Further, according to the radiant cooling apparatus of the present invention, since there is no concern of dew condensation, it is possible to ventilate during cooling, and it is possible to constantly supply fresh air to the room and prevent the room air from becoming dirty during cooling. it can.

[Brief description of drawings]

FIG. 1 is a schematic view showing an embodiment of a radiation cooling device of the present invention.

FIG. 2 is a cross-sectional view of a main part of the radiant cooling apparatus in FIG.

FIG. 3 is a perspective view partially showing a polymer thin film.

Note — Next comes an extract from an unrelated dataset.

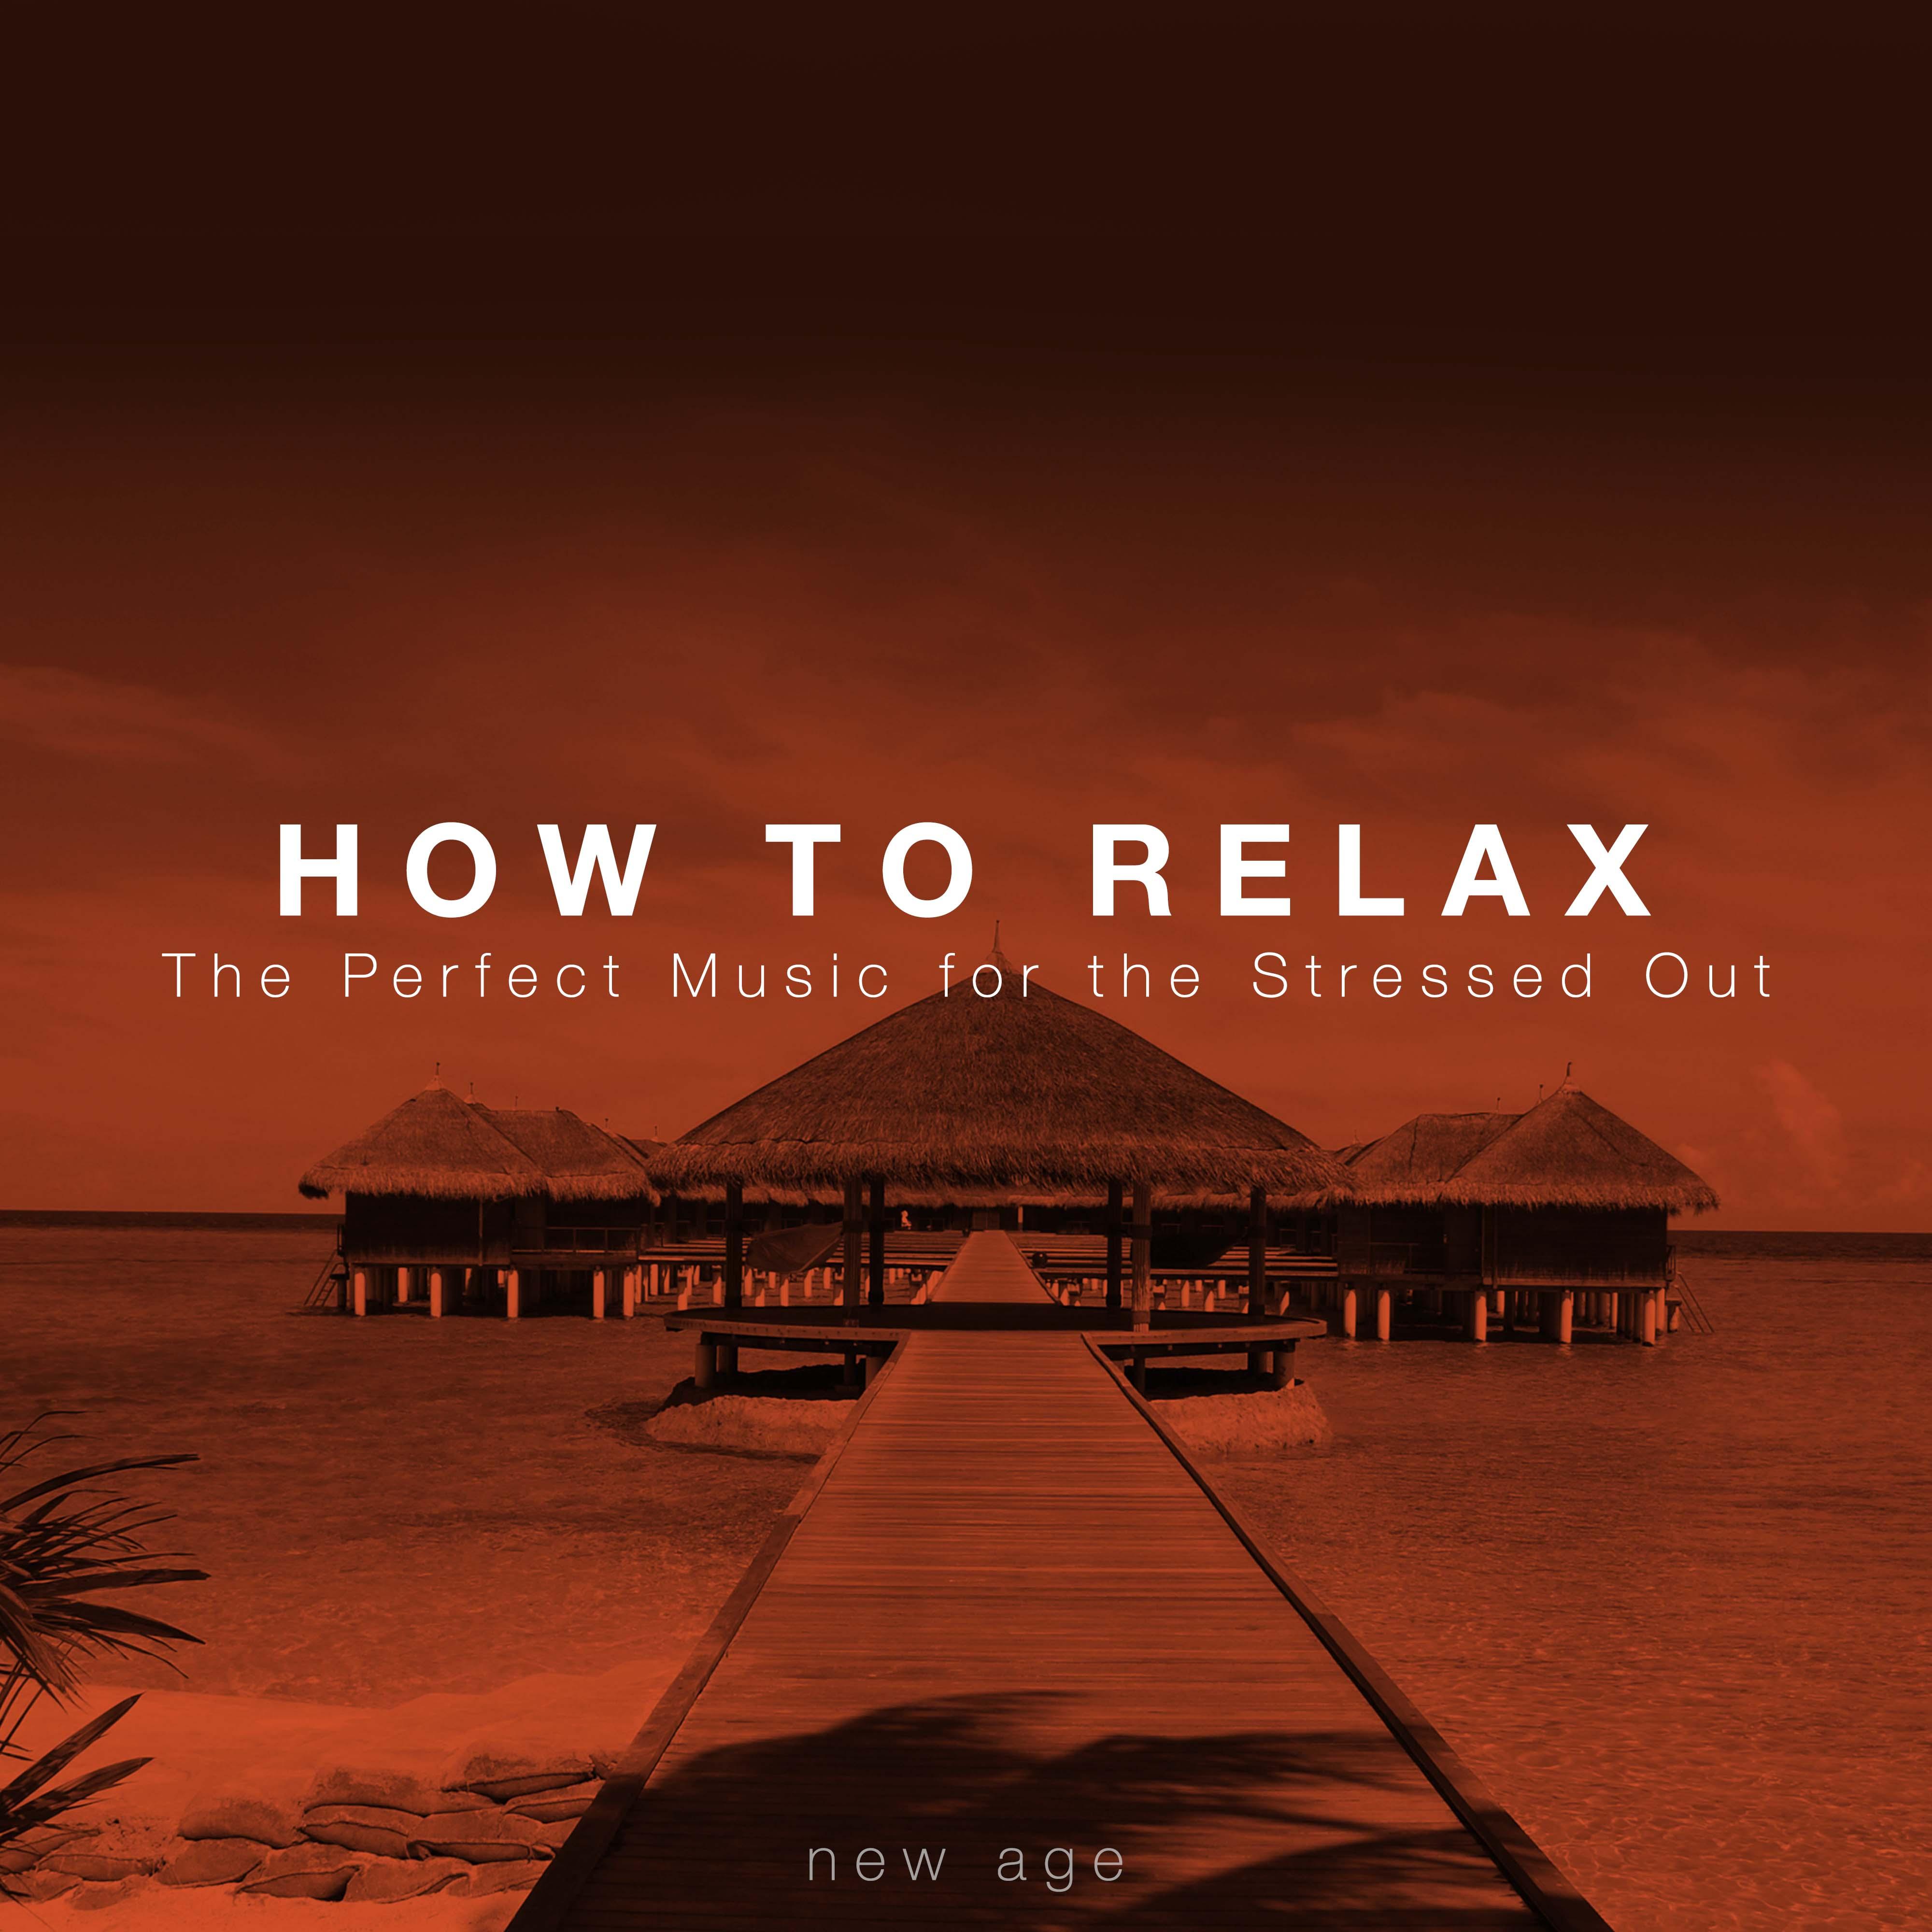 How to Relax: The Perfect Music for the Stressed Out

FIG. 4 is a graph showing the spectral transmittance of a polyethylene film.

[Explanation of symbols]

 1 radiation cooling panel 2 heat insulation container 3 radiation surface 4 polyethylene membrane (polymer thin film) 6 vacuum pump 7 vacuum insulation layer

Claims (1)

[Claims] 1. A radiant cooling apparatus including a radiant cooling panel, wherein a wavelength of 8 is provided opposite to a radiant surface of the radiant cooled panel.
Radiant cooling, characterized in that a polymer thin film that satisfactorily transmits far-infrared rays of about 10 μm to 10 μm is arranged, and a vacuum heat insulating layer is formed between the polymer thin film and the radiation surface of the radiation cooling panel. apparatus.